Analysing Performance Problems with Xcode Performance Tools, Part 1

This is the first post in a two-part series. Stay tuned for the second part.

One of the projects that we’re most excited about is our ongoing work to bring Night in the Woods to iOS. This has been an enormous amount of technical effort, and has led to a bunch of very cool spin-off projects – for example, Yarn Spinner only exists because we built it for Night in the Woods, and the research we’ve been doing in sprite compression to fit the game into a tiny amount of memory has been a blast.

A screenshot of Night in the Woods.
Night in the Woods.

One of the things we’re doing right now is improving the performance of the game on the device. Just like when you’re building a game for PCs or consoles, you want your game to be running at a high, stable frame rate. For mobile devices, this is a little more complex – you also have to consider the impact that the game has on the phone’s battery, because nobody wants to play a game and then find that their phone’s about to die.

Another important element of performance for mobile games is thermal impact. When the phone’s running a game, it’s making the hardware do a lot of work, and this makes it heat up. Modern systems – that is, anything made in the last 40 years – detect when they’re under thermal stress, and reduce their performance to avoid damage. This means that you might be able to achieve a solid 60 frames per second when you start playing, but that might get laggy in a couple minutes (or seconds!) of play. (Thermal stress is also a consideration for PCs and consoles, but it’s more critical for phones due to the reduced amount of space inside the chassis, the lack of active cooling, and the fact that you’re holding it in your hands.)

Spotting the Problem

The first thing that we noticed was that the reported frames per second in the game was low.

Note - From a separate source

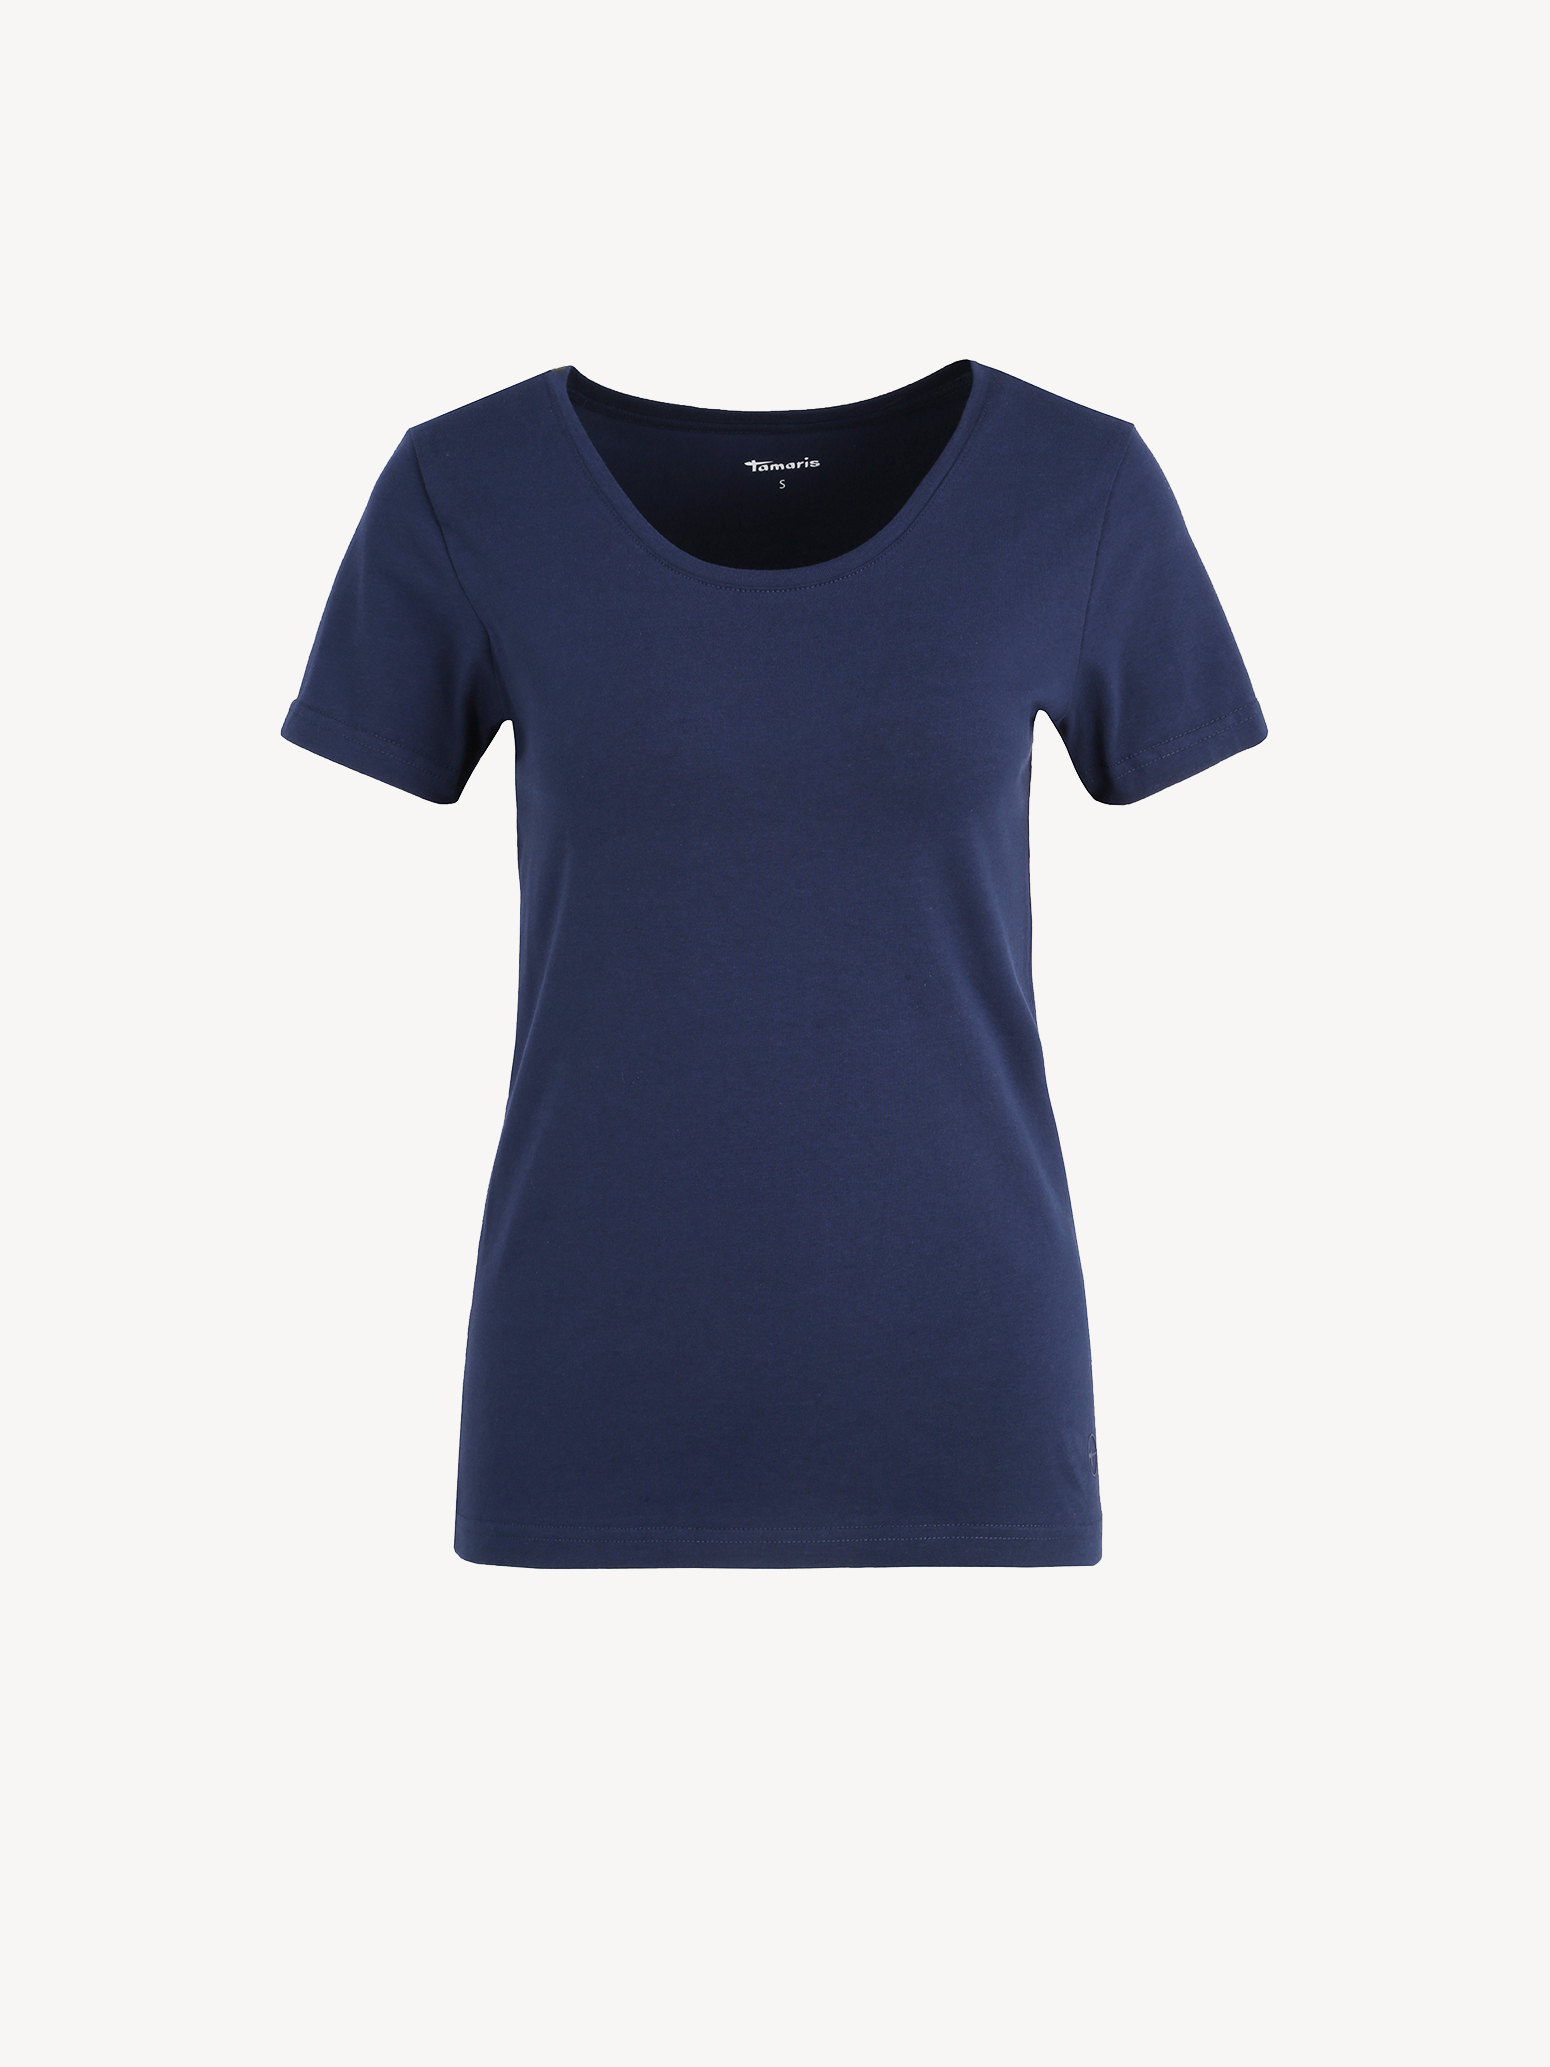 Tamaris Clothing online Buy now!

(We use an FPS counter called Graphy to visualise FPS. Graphy’s great – it’s easy to set up, reliable, low-impact, and open source. You should use it!)

The FPS counter was reporting an FPS count of about 20 to 40 frames per second on my iPhone X, depending on the scene. The other thing that was spotted was that the frame rate was inconsistent to boot.

Inconsistent frame rates in the Towne Centre East scene. Note the slightly jerky camera movement.

What was going on? Night in the Woods, despite its gorgeous visual style, doesn’t actually have hugely complex scenes. When diagnosing a problem like this, the first thing to do is to figure out where the bottleneck is – on the CPU, or the GPU.

Finding the Bottleneck

Xcode has a very simple tool for checking which part of the system is under the heaviest load. When running the game from Xcode, you can just click on the Debug navigator, which will show you a summary of the app’s performance.

A screenshot of Xcode's debug view. It shows the CPU at 79%, memory usage at 859MB, energy usage as Very High, disk usage at 80 KB/s, network usage at 2.9MB/s, and a frames per second count of 37.

The CPU usage and energy impact here are pretty high. Not enormously high, considering it’s a game, but still high. As the game itself reports, it’s barely achieving 30FPS frame rate. When we select the FPS element, we get some more detail:

A screenshot of the GPU load level. It shows the tiler's load at 7%, renderer at 86%, device utilisation at 100%, and CPU and GPU both taking 28.4 milliseconds to render.

The FPS report is showing that the device is 100% utilised, and that the CPU and GPU are both taking a full 28 milliseconds to produce the frames. The renderer is under significantly more load than the tiler, which effectively means that most of the work is being done by the fragment shaders, and not by having to deal with a lot of geometry (something that we’d expect, given that the polygon count of Night in the Woods, like most other 2D games, is not terribly high.)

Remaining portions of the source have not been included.